Анатоль Франс - Восстание Ангелов
Небо было нежно-голубое, сад — полон цветущих роз. На дереве свистел дрозд. Г-н де ла Вердельер, который с тростью в руках руководил поединком, соединил кончики клинков и произнес:
— Начинайте!
Морис д'Эпарвье атаковал дублетами и батманами. Аркадий парировал, не отводя шпаги. Первая схватка не дала результатов. У секундантов создалось впечатление, что г-н д'Эпарвье находится в прискорбном состоянии повышенной нервозности, а что противник его покажет себя неутомимым. Начинается вторая схватка. Морис усиливает нападение, разводит руки и открывает грудь. Он атакует, наступая, наносит прямой удар и острием шпаги касается плеча Аркадия. Все полагают, что тот ранен. Но секунданты с удивлением констатируют, что у Мориса царапина на кисти руки. Морис утверждает, что ему не больно, и доктор Киль после осмотра заявляет, что его клиент может продолжать поединок.
Когда истекает обязательный пятнадцатиминутный перерыв, дуэль возобновляется. Морис нападает все яростнее. Противник явно щадит его и, видимо, защищается небрежно, что беспокоит г-на де ла Вердельер. В начале пятой схватки черный пудель, неизвестно как попавший в сад, выскакивает из-за розового куста, проникает на площадку, отгороженную для сражающихся, и, несмотря на побои и крики, бросается под ноги Мориса. У последнего как будто онемела рука, и он делает выпады против неуязвимого противника только плечом. Он наносит прямой удар, и сам натыкается на шпагу Аркадия, которая глубоко ранит его у сгиба локтя.
Г-н де ла Вердельер прекращает поединок, продолжавшийся полтора часа. Морис испытывает ощущение тяжелого шока. Его сажают на зеленую скамейку у стены, увитой глициниями. В то время, как хирурги перевязывают ему рану, он подзывает к себе Аркадия и протягивает раненую руку. Когда победитель, опечаленный своей победой, подошел к нему, Морис нежно обнял его и произнес:
— Будь великодушен, Аркадий, прости мне твою измену. После того как мы дрались, я могу просить себя о примирении.

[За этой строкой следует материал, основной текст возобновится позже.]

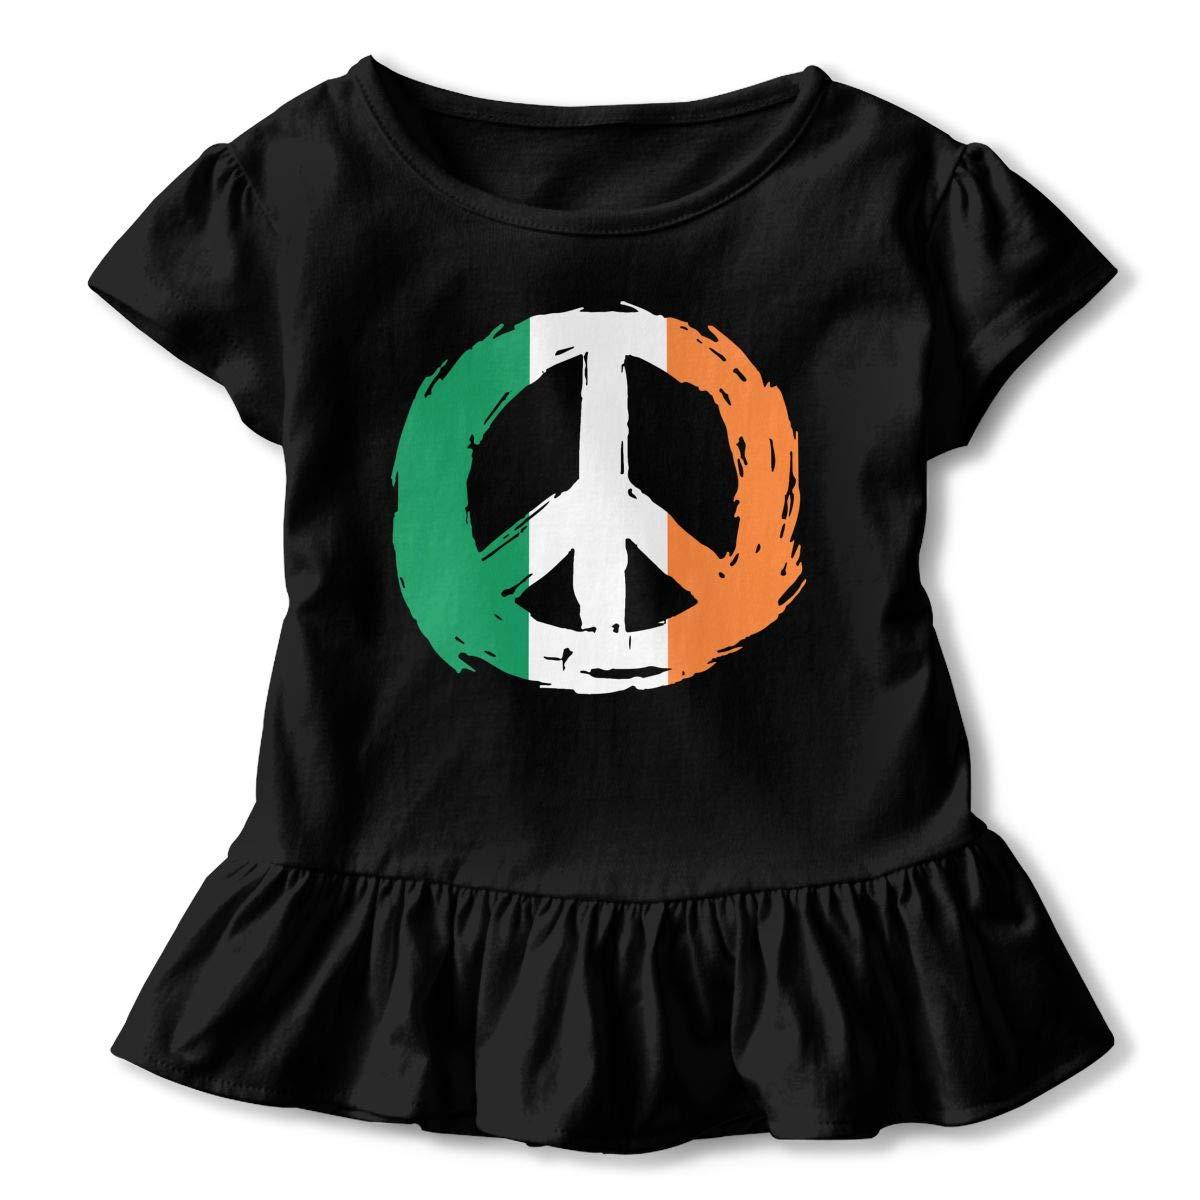 SHIRT1-KIDS Irish Flag Peace T-Shirts Childrens Girls Short Sleeve Ruffles Shirt Tee for 2-6T

— Со слезами поцеловал он друга и шепнул ему на ухо:
— Приходи проведать меня и приведи Жильберту.
Так как Морис все еще был в ссоре с родителями, он велел отвезти себя в маленькую квартирку на улице Рима.
Едва только он лег в постель в той самой спальне, где шторы были спущены, как в тот день, когда явился ангел, к нему вошли Аркадий и Жильберта. Рана уже начала сильно мучить его, температура повышалась, но он был спокоен, доволен, счастлив. Ангел и женщина в слезах упали на колени перед его ложем. Он соединил их руки в своей левой руке, улыбнулся им и нежно поцеловал обоих.
— Теперь я могу быть уверен, что не поссорюсь с вами; больше вы меня не проведете. Я знаю, что вы способны на все.
Жильберта, плача, стала уверять Мориса, что его ввели в заблуждение внешние признаки измены, но что она его не обманула с Аркадием и никогда вообще не обманывала, и, охваченная могучим порывом искренности, она пыталась уверить в этом себя самое.
— Не надо, Жильберта, ты на себя клевещешь, — ответил ей раненый, — это было. И пусть было. И это хорошо, Жильберта, ты правильно поступила, когда низко обманула меня с моим лучшим другом здесь, в этой комнате. Если бы ты этого не сделала, мы бы не собрались здесь все трое, и я не испытал бы этой великой радости, которую я испытываю впервые за всю мою жизнь. О Жильберта, как ты неправа, отрицая то, что было и хорошо кончилось.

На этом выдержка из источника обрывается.